Graphene via large N I: Renormalization

TL;DR

This paper uses a large-N renormalization group approach to analyze how Coulomb interactions and disorder influence electron scattering and transport in graphene, highlighting the dominance of vector potential disorder at low energies.

Contribution

It introduces a controlled large-N RG analysis showing vector potential disorder as the main elastic scattering mechanism in graphene at low energies.

Findings

Vector potential disorder dominates at low energy scales.

Scaling predictions for conductivity and thermopower are provided.
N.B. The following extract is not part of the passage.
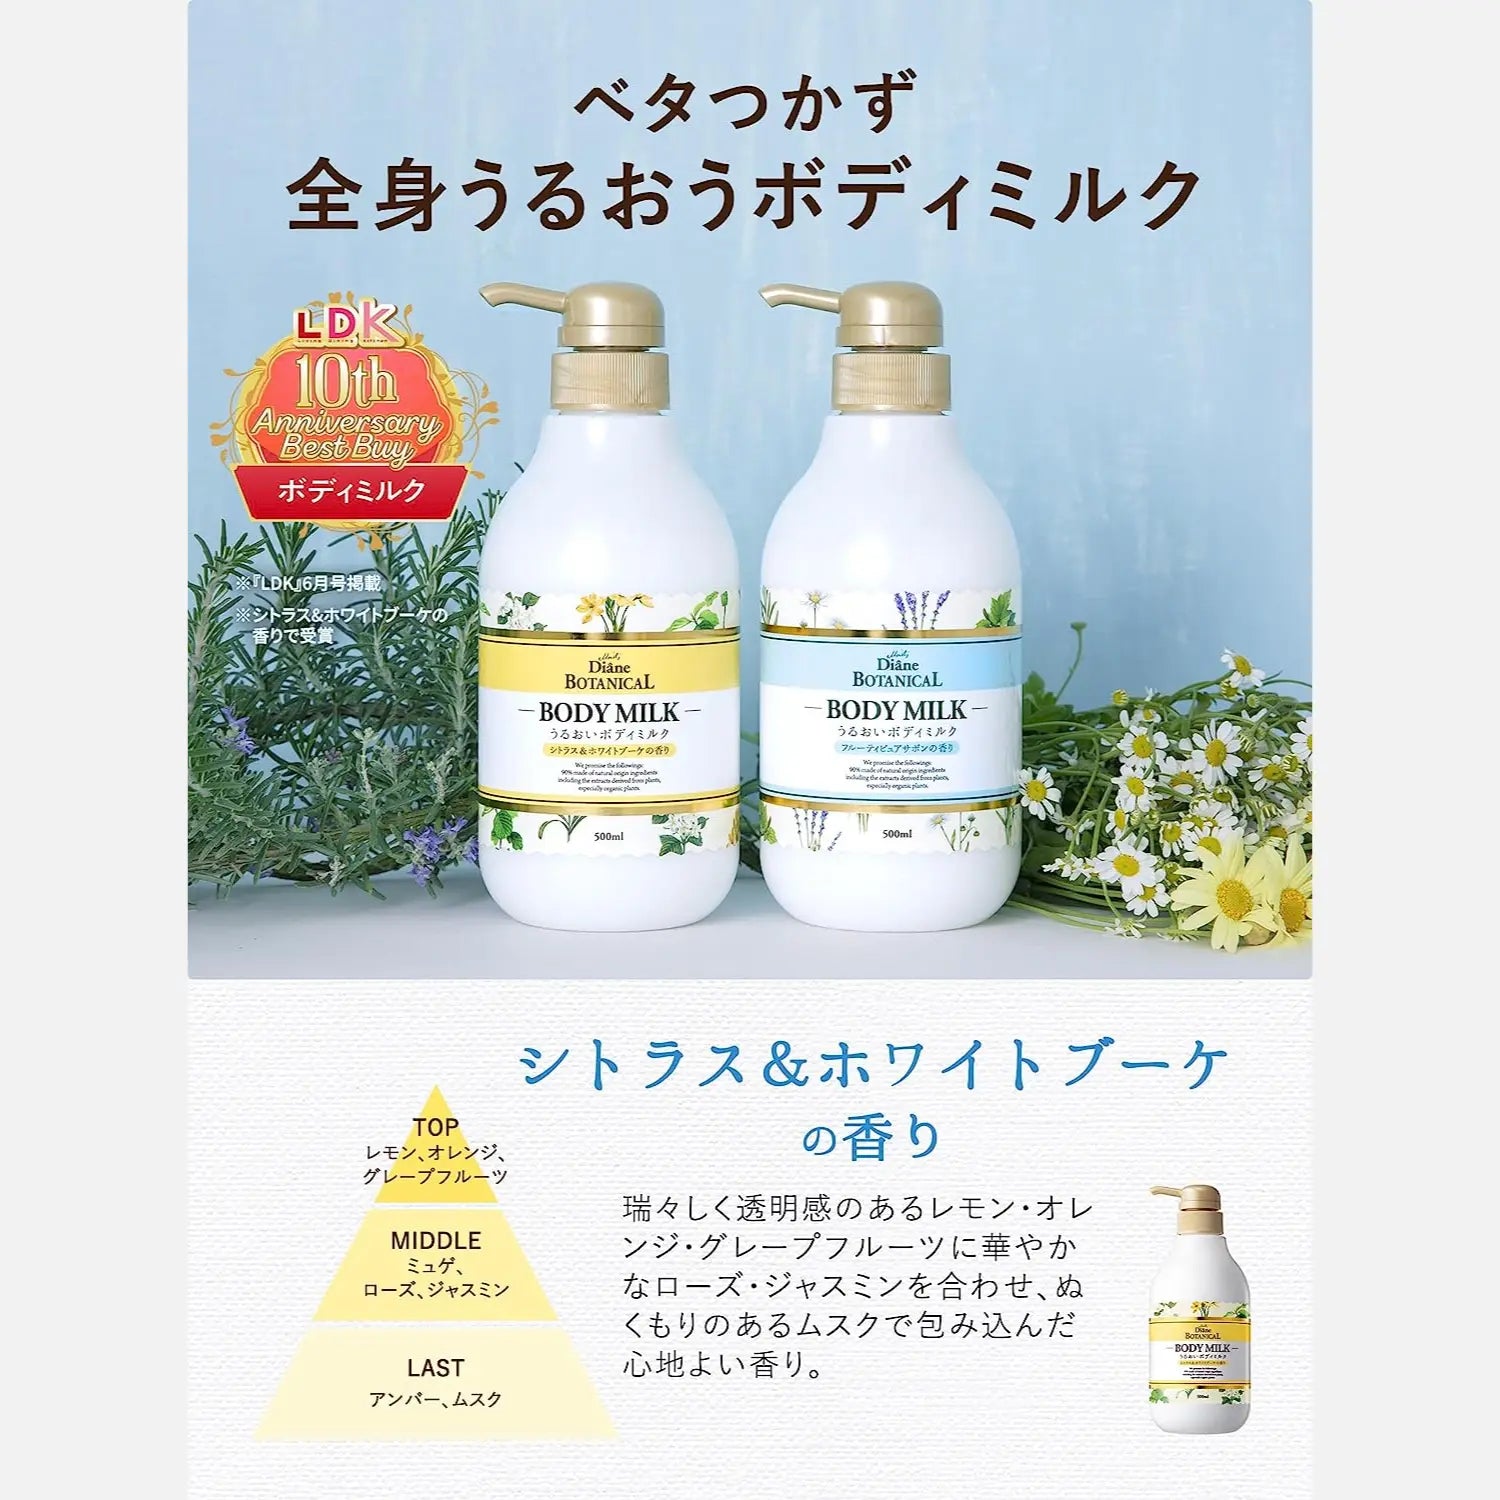 Diane Botanical Deep Moist Body Milk Citrus & White Bouquet 500ml - Buy Me Japan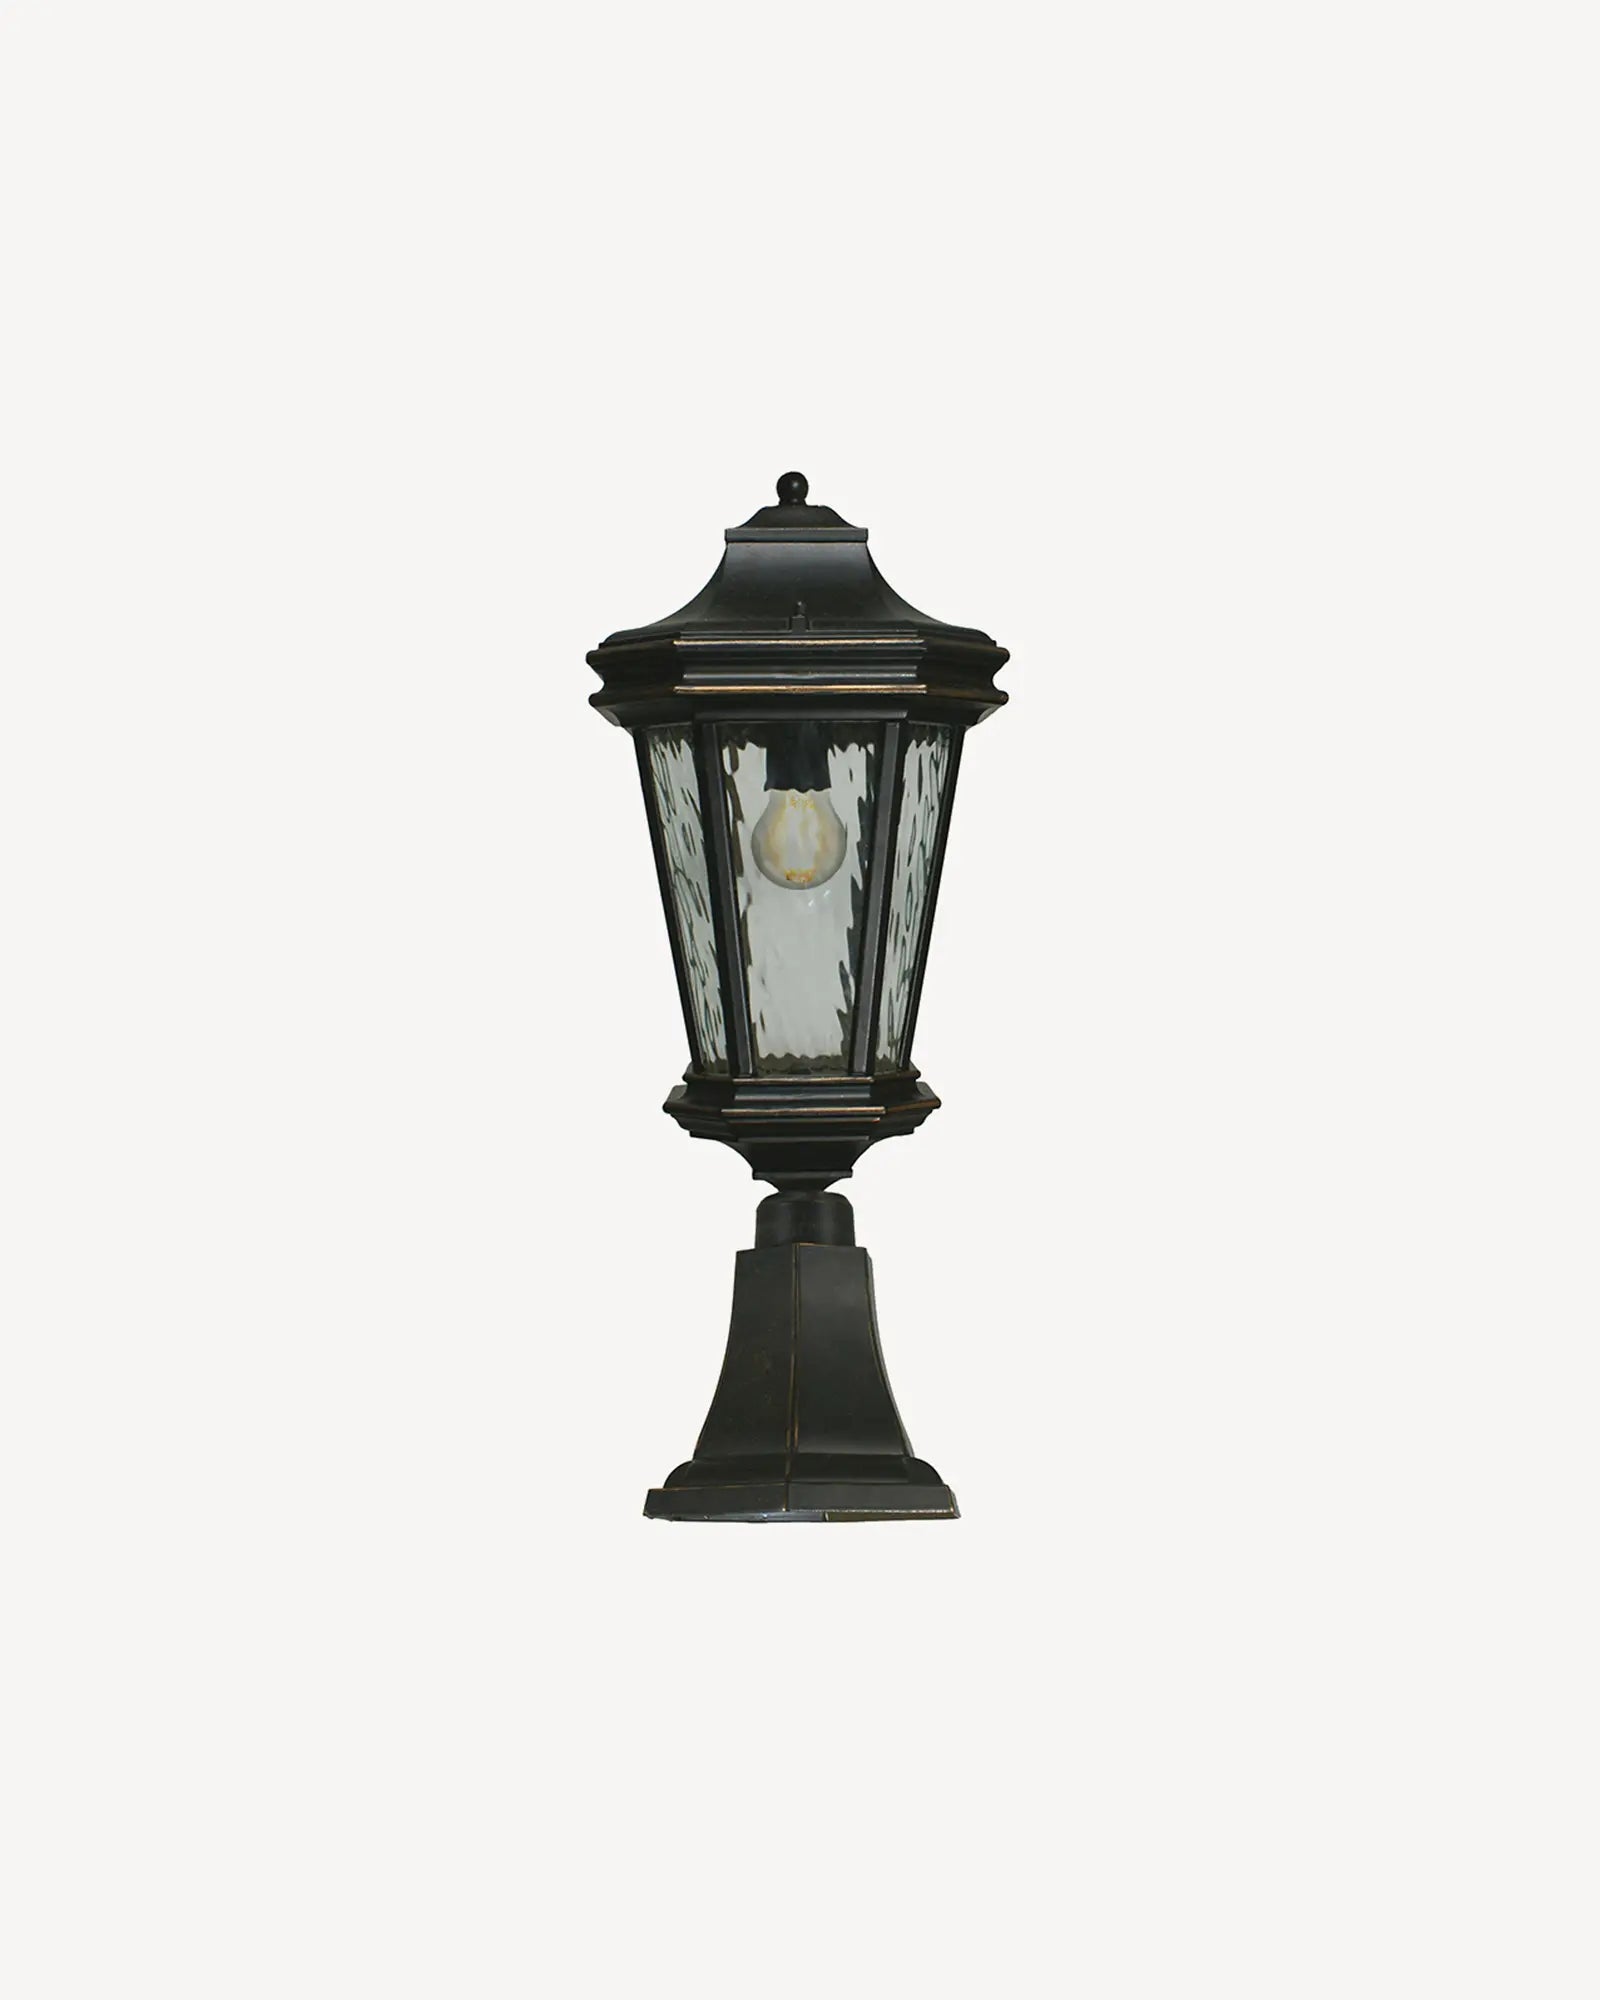 Tilburn Pedestal Light by Inspiration Light at Nook Collections

Coulomb interactions significantly affect transport in suspended graphene.

Abstract

We analyze the competing effects of moderate to strong Coulomb electron-electron interactions and weak quenched disorder in graphene. Using a one-loop renormalization group calculation controlled within the large-N approximation, we demonstrate that, at successively lower energy (temperature or chemical potential) scales, a type of non-Abelian vector potential disorder always asserts itself as the dominant elastic scattering mechanism for generic short-ranged microscopic defect distributions. Vector potential disorder is tied to both elastic lattice deformations ("ripples") and topological lattice defects. We identify several well-defined scaling regimes, for which we provide scaling predictions for the electrical conductivity and thermopower, valid when the inelastic lifetime due to interactions exceeds the elastic lifetime due to disorder. Coulomb interaction effects should figure strongly into the physics of suspended graphene films, where rs > 1; we expect vector potential disorder to play an important role in the description of transport in such films.